━━━ Task inputs
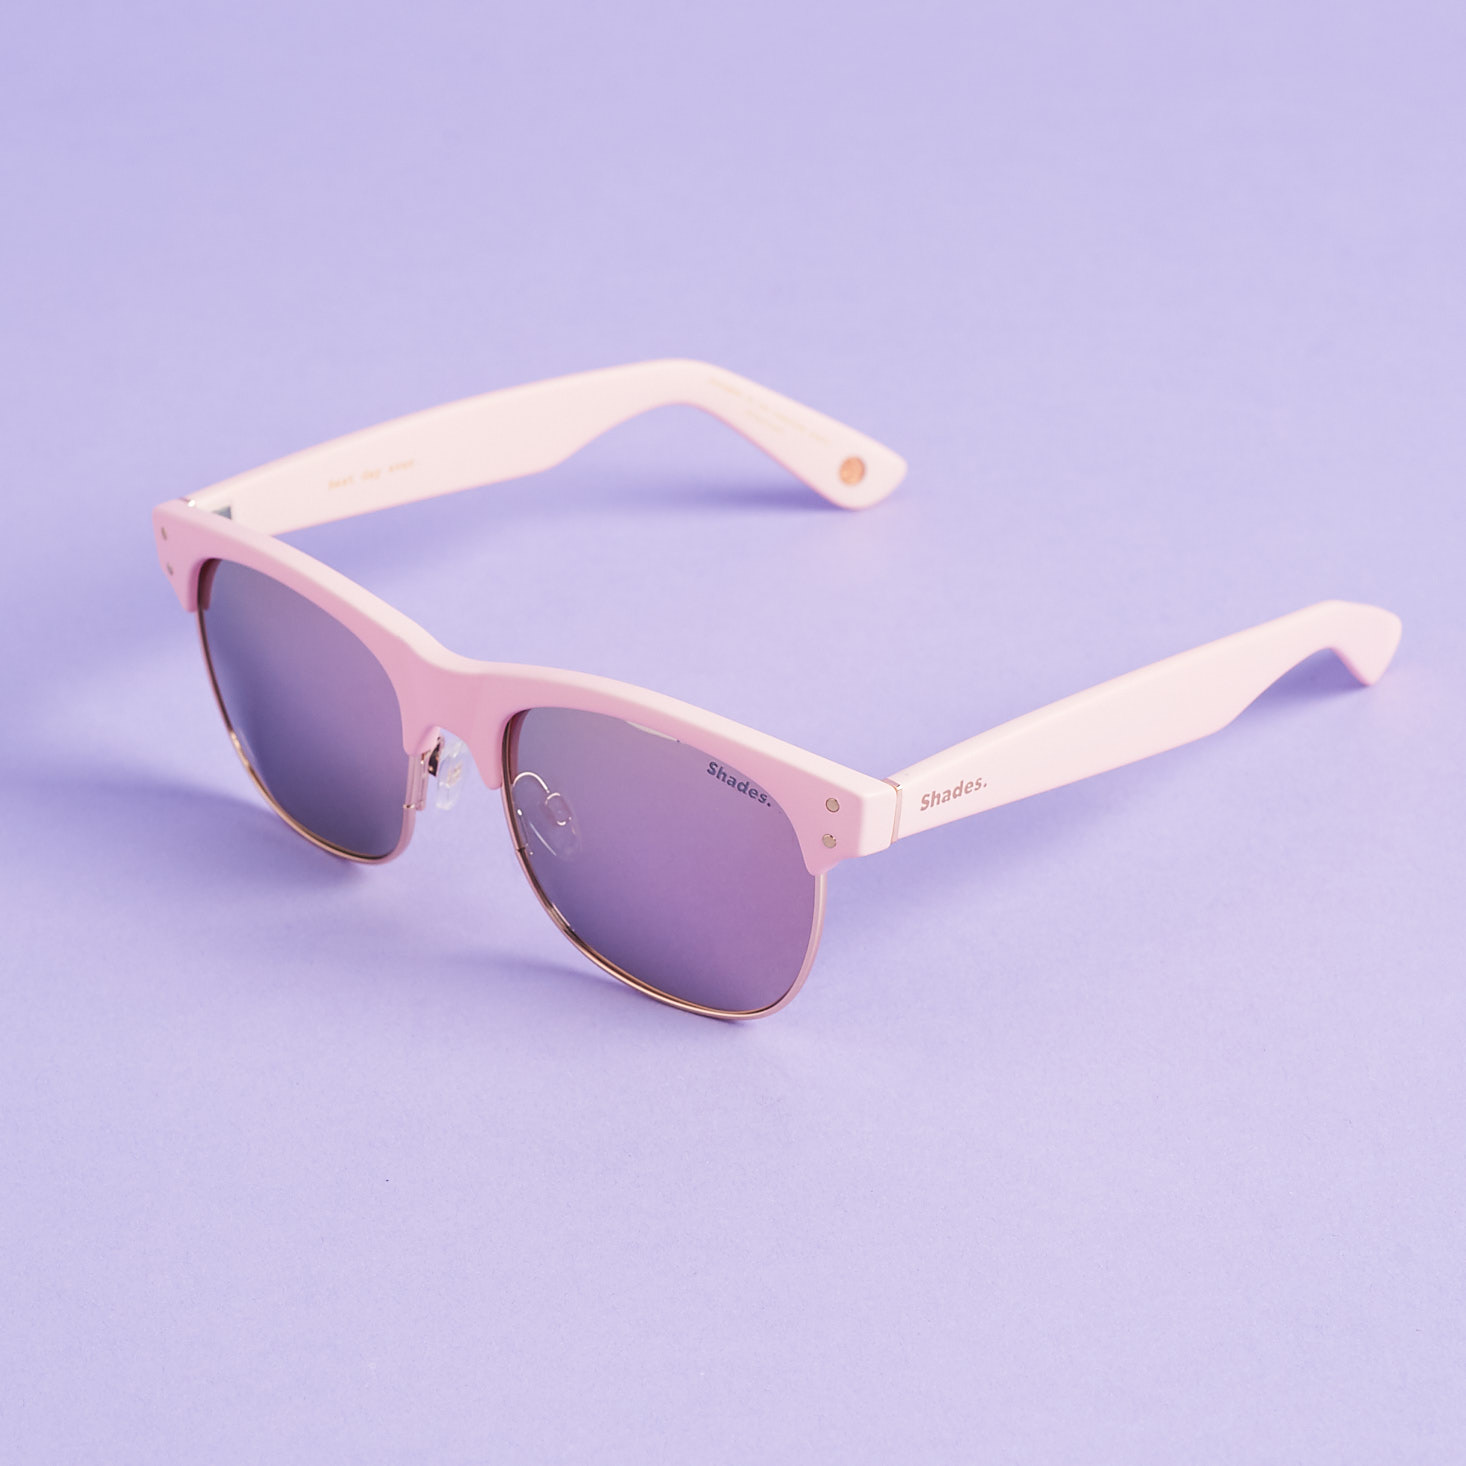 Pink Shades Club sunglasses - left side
━━━━━━
━━━ Task inputs
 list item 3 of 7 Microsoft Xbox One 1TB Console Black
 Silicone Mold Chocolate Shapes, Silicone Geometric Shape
━━━━━━
* **What to work on**
From the data above, reproduce word for word the lines running from the line with "list item 3" to the line with "Silicone Mold Chocolate", ends included.

* **Response for this exercise**
 list item 3 of 7 Microsoft Xbox One 1TB Console Black
 Silicone Mold Chocolate Shapes, Silicone Geometric Shape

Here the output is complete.